Who would ever want to leave Hawaii? With its lush mountains and ocean breezes it’s truly a paradise. Yet some Hawaiians are saying goodbye to the Aloha State. Does the state have one of the best cities for weather?
To determine where people from Hawaii are moving to the most, 24/7 Wall St. reviewed state-to-state migration flows from the U.S. Census Bureau’s 2019 American Community Survey, revealing the number of people living in other states (or Washington D.C.) in 2019 who had lived in Hawaii the previous year. State population estimates are also from the ACS and are for residents age 1 and older. All rankings are out of a universe of 49 states and the District of Columbia. (See how every state’s population has changed since 2010.)
So why are they leaving? The main reason is financial. To live in paradise, you pay a high price. In a 2019 poll by Pacific Resource Partnership, 45% of the island residents surveyed said they were leaving the state or considering a move. Of those contemplating leaving, 47% named the cost of living as the most important reason.

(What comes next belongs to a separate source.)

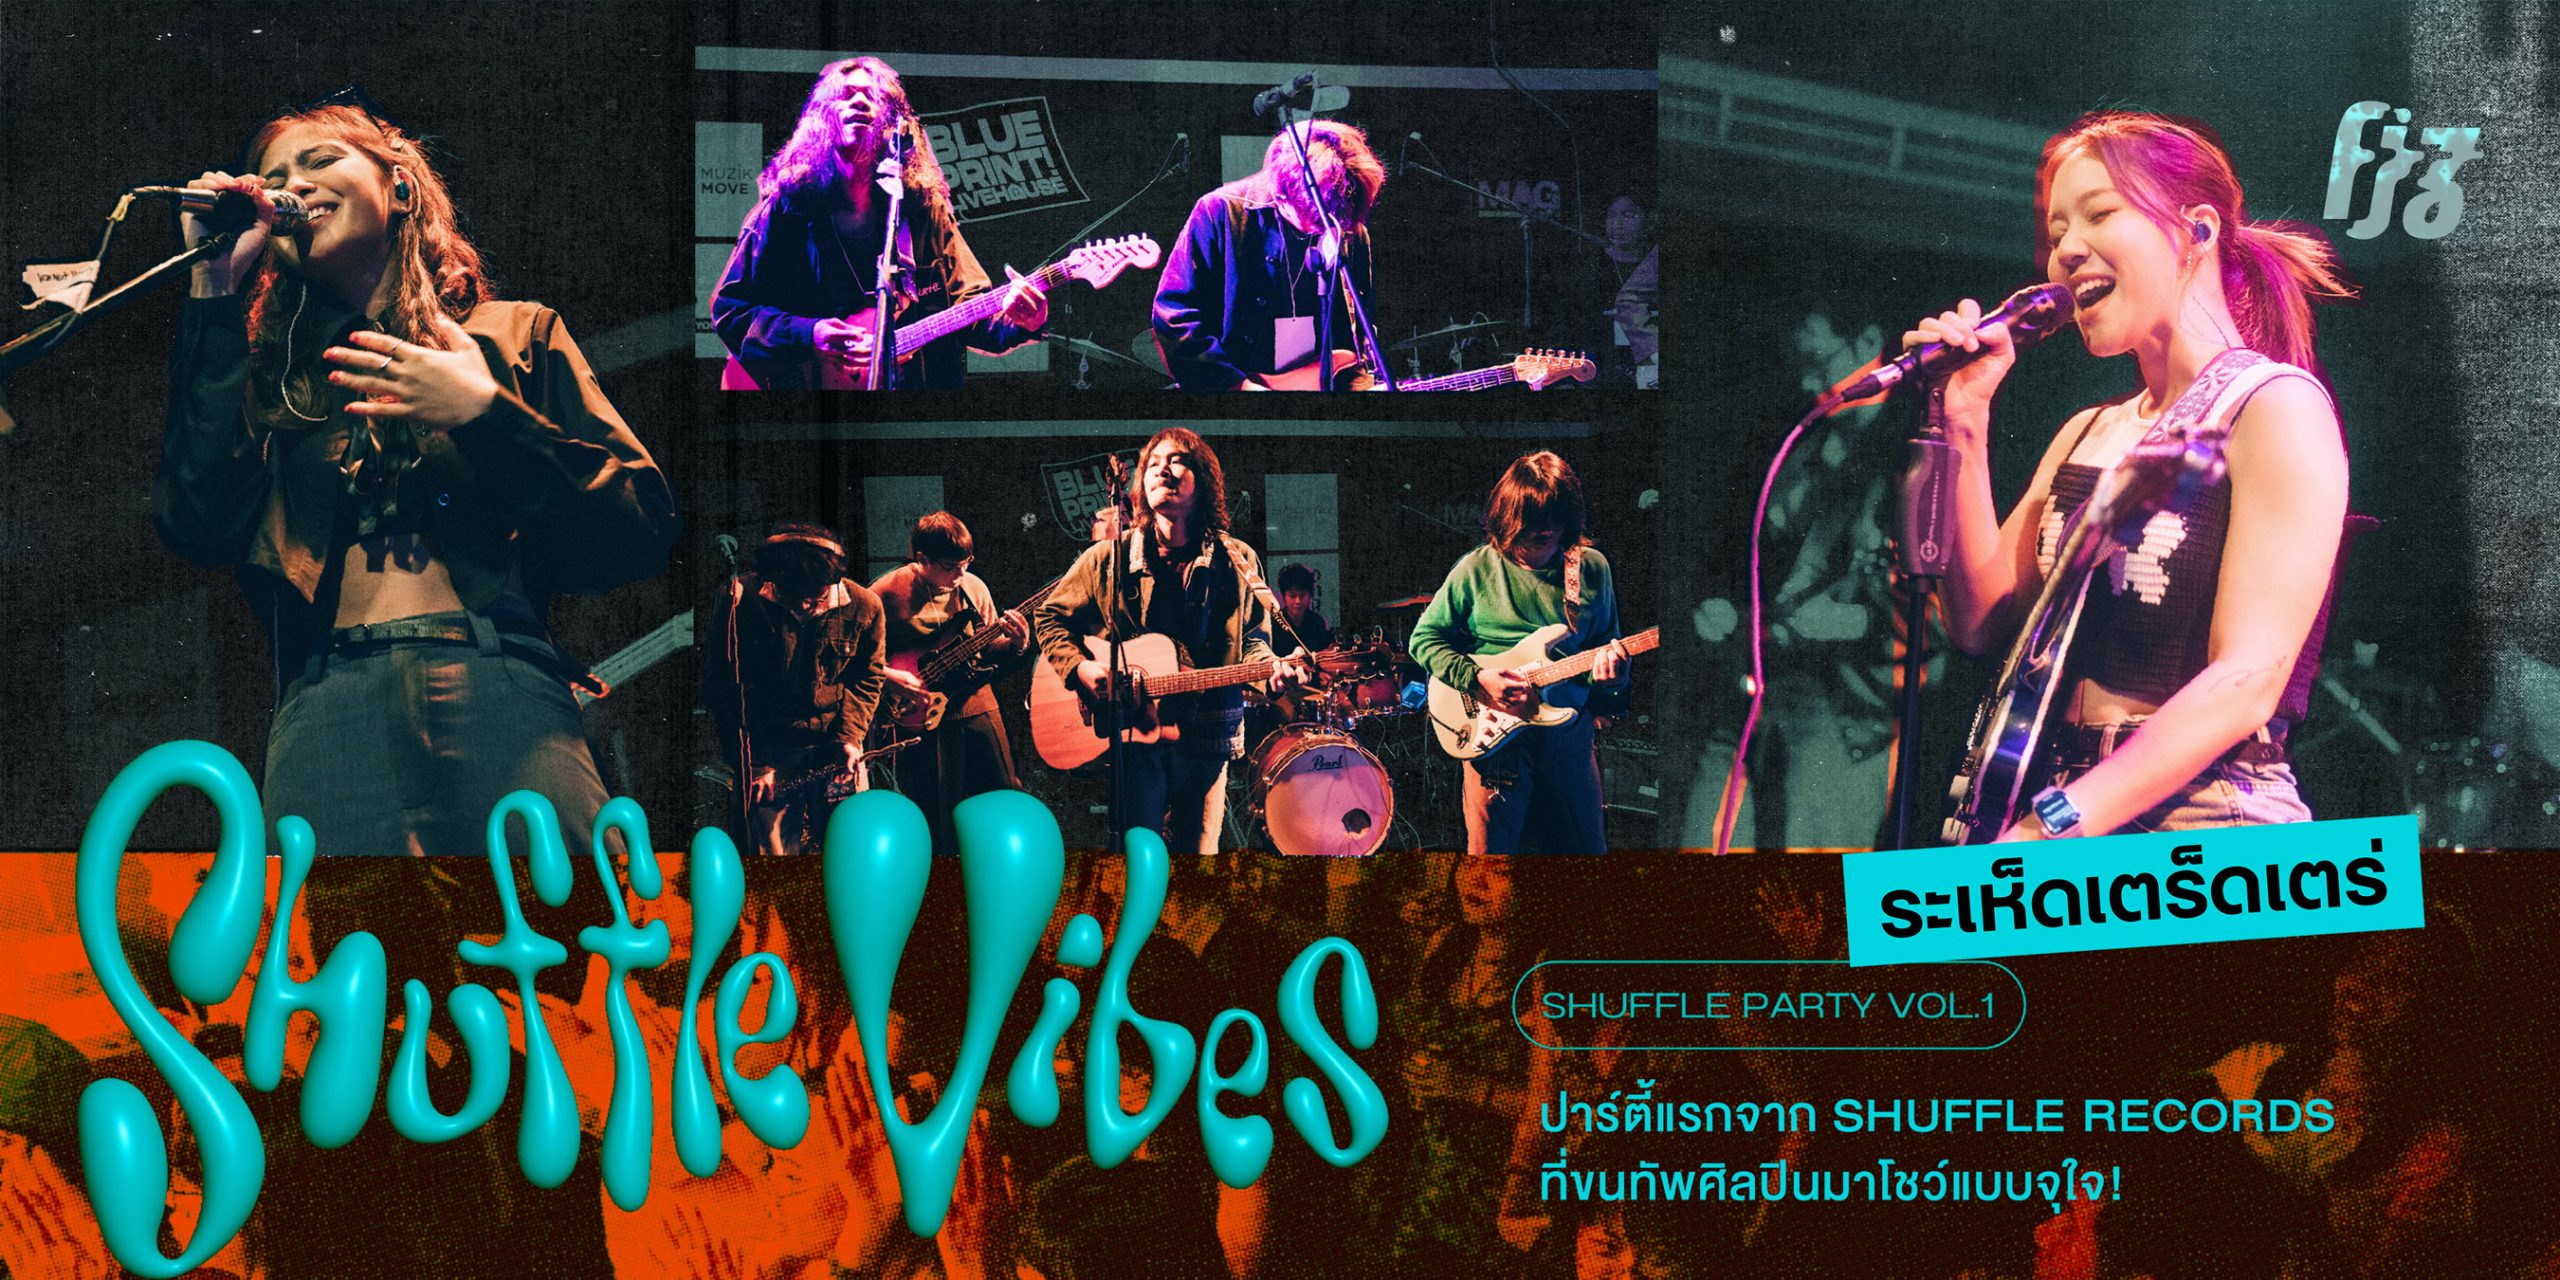 ระเห็ดเตร็ดเตร่: Shuffle Party Vol.1 “Shuffle Vibes” ปาร์ตี้แรกจาก Shuffle Records ที่ขนทัพศิลปินมาโชว์แบบจุใจ!

Yet when they do relocate, Hawaiians aren’t willing to forgo some of their home state’s advantages, however. They want a warm climate, so California is their most desired destination. In 2019, nearly 12,000 Hawaiians, or about 18% of those leaving the state, made their way to the Golden State. (On the other hand, see where people in California are moving to the most.)
Texas was the second most preferred destination for Hawaiians. It gained 7,000 or 10% of those exiting the state. The Eastern U.S. was apparently a trek too far for Hawaiians, however. Not one moved to Delaware, the District of Columbia, or Rhode Island. North Dakota didn’t welcome any Hawaiians, either, and only two relocated to Vermont.